The International Consortium on Agricultural Biotechnology Research (ICABR)


Regulations and Market Segregation of Biotech Crops: Implications for Global Agricultural Trade

Aziz Elbehri,
Economic Research Service,

Thomas Hertel,
Center for Global Analysis Project,
Purdue University

William Lin
Economic Research Service,

This research presents a modeling framework to examine the implications for the emerging global trade patterns resulting from biotechnology-driven market segmentation. The spread of biotechnology has introduced an important new dimension along which consumers can be distinguished – namely their sensitivity to the biotech food products. This has given rise to government biotech regulations including labeling. Depending on how these regulations are implemented, they could potentially become instruments of trade restriction. The private sector has responded to this new environment by initiating demand-driven product segmentation through private labeling and certification. These developments could fundamentally transform the long-standing commodity-based trade system into segmented markets.
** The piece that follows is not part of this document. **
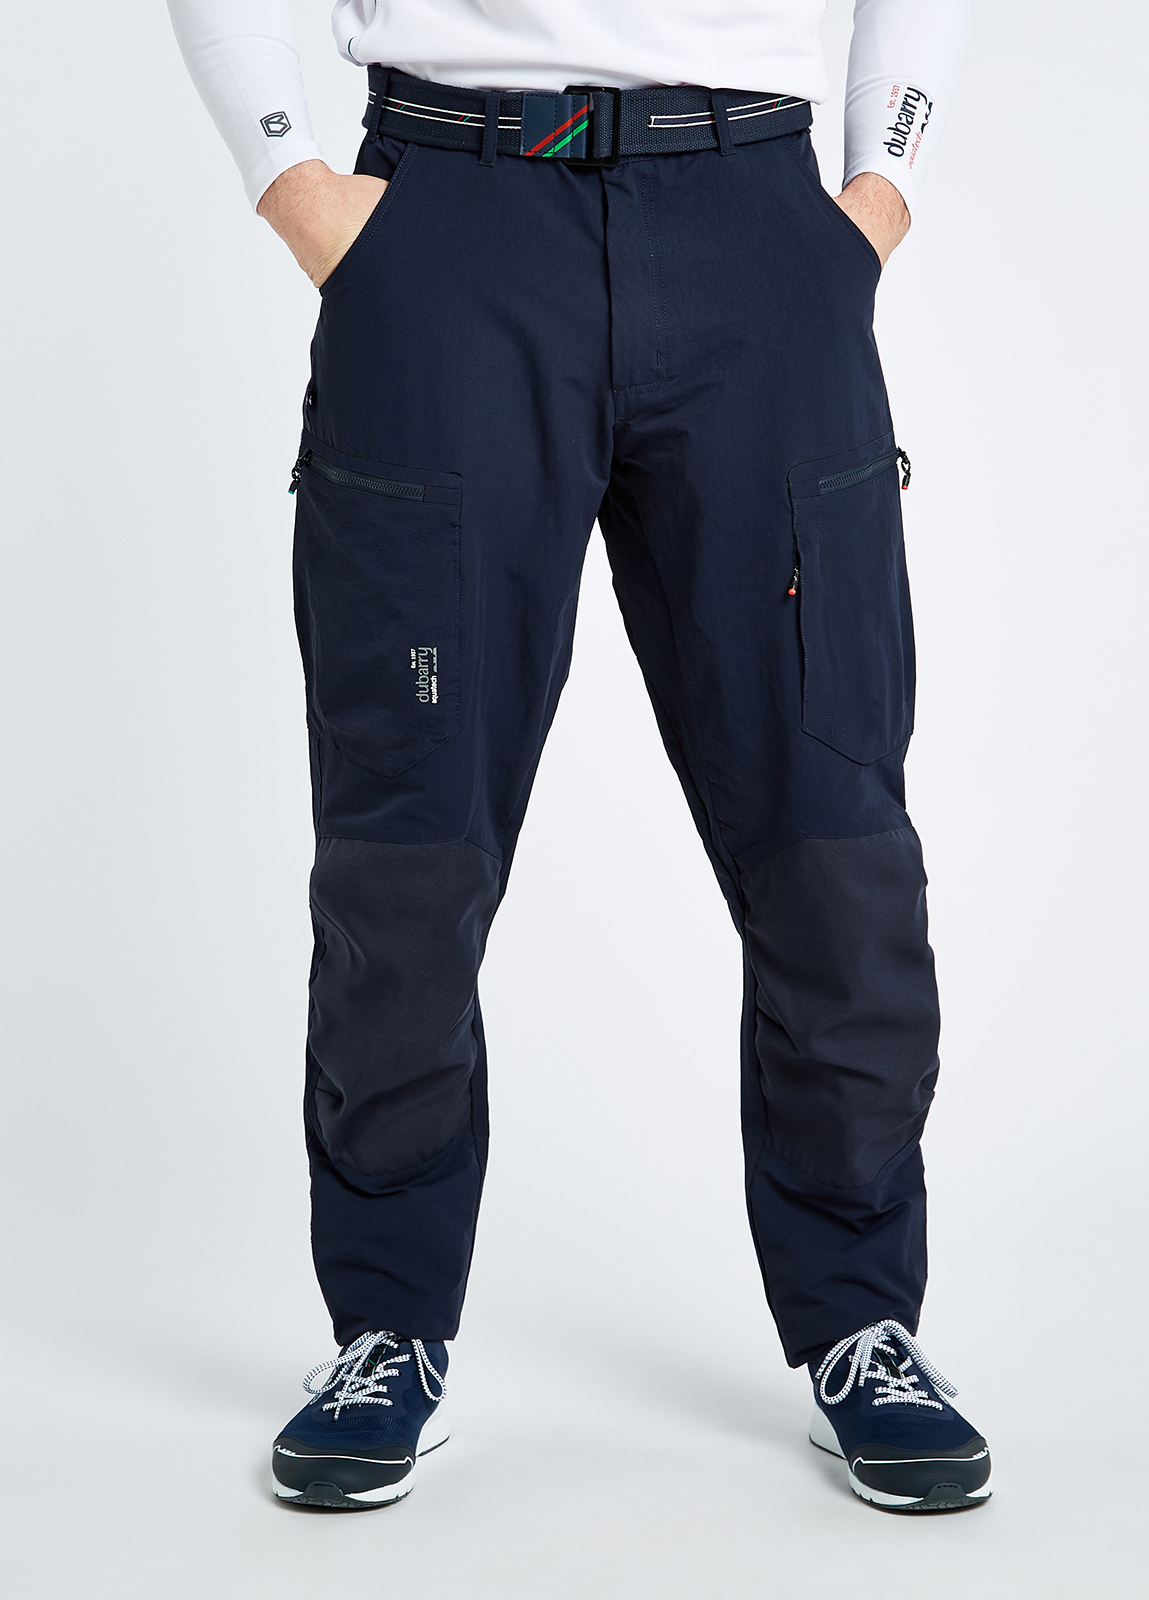 Dubrovnik - Men's Technical trousers Regular - Navy

The extent to which market segmentation, including identity preservation (IP) will develop depends on the magnitude of segregation costs and the incidence of these costs along the production-processing-consumption chain. The incidence of IP costs depends on the ability of economic agents to substitute away from these products. Consumers with an inelastic demand are likely to get stuck with a significant portion of the costs, as are firms facing very elastic market demand. Should the biotech crops become the majority grown, they become the norm while the non-biotech varieties will become a niche market grown only if purchasers are willing to pay a premium price that covers the additional IP costs.

The prospects of bifurcated, segregated commodity markets imply that traditional trade patterns are likely to be transformed in a way that cannot be determined a priori. The demand-side forces stemming from heterogeneous consumer preferences imply that the sourcing of grain imports might change in order to meet importers’ biotech requirements. On the supply side, biotech-enhanced crops may fundamentally change production structure either by allowing the growth of crops in new areas or by improving yields in existing growing areas. This in turn would significantly affect the net trade position for a particular country, meaning that some net importing countries may turn out to be self-sufficient or even become exporters. Likewise, local opposition to biotech crops may prevent some grain exporting countries (e.g., the European Union) from supplying their traditional markets, which may in turn shift their imports to lower-priced biotech grains.

This paper describes an empirical multi-country, multi-sector model of global trade and production that has been specifically constructed to examine the trade effects of biotech regulation and market segmentation. The model features product differentiation based on country of origin as well as a sector level differentiation between biotech and non-biotech varieties, which substitute imperfectly in consumption. The model is employed to analyze the trade and welfare effects of heterogeneity in biotech acceptance among markets, differential adoption of bio-technology between countries, and potential regional specialization induced by segregation costs. Empirical results are based on a three-region, three-commodity version of this model with particular emphasis on one product, soybeans imported into the Japanese market. Given the uncertainty about key parameters (e.g., elasticity of substitution between biotech and non-biotech soybeans), empirical results are presented in the form of a distribution of outcomes (mean and standard deviation) based on formal systematic sensitivity analysis.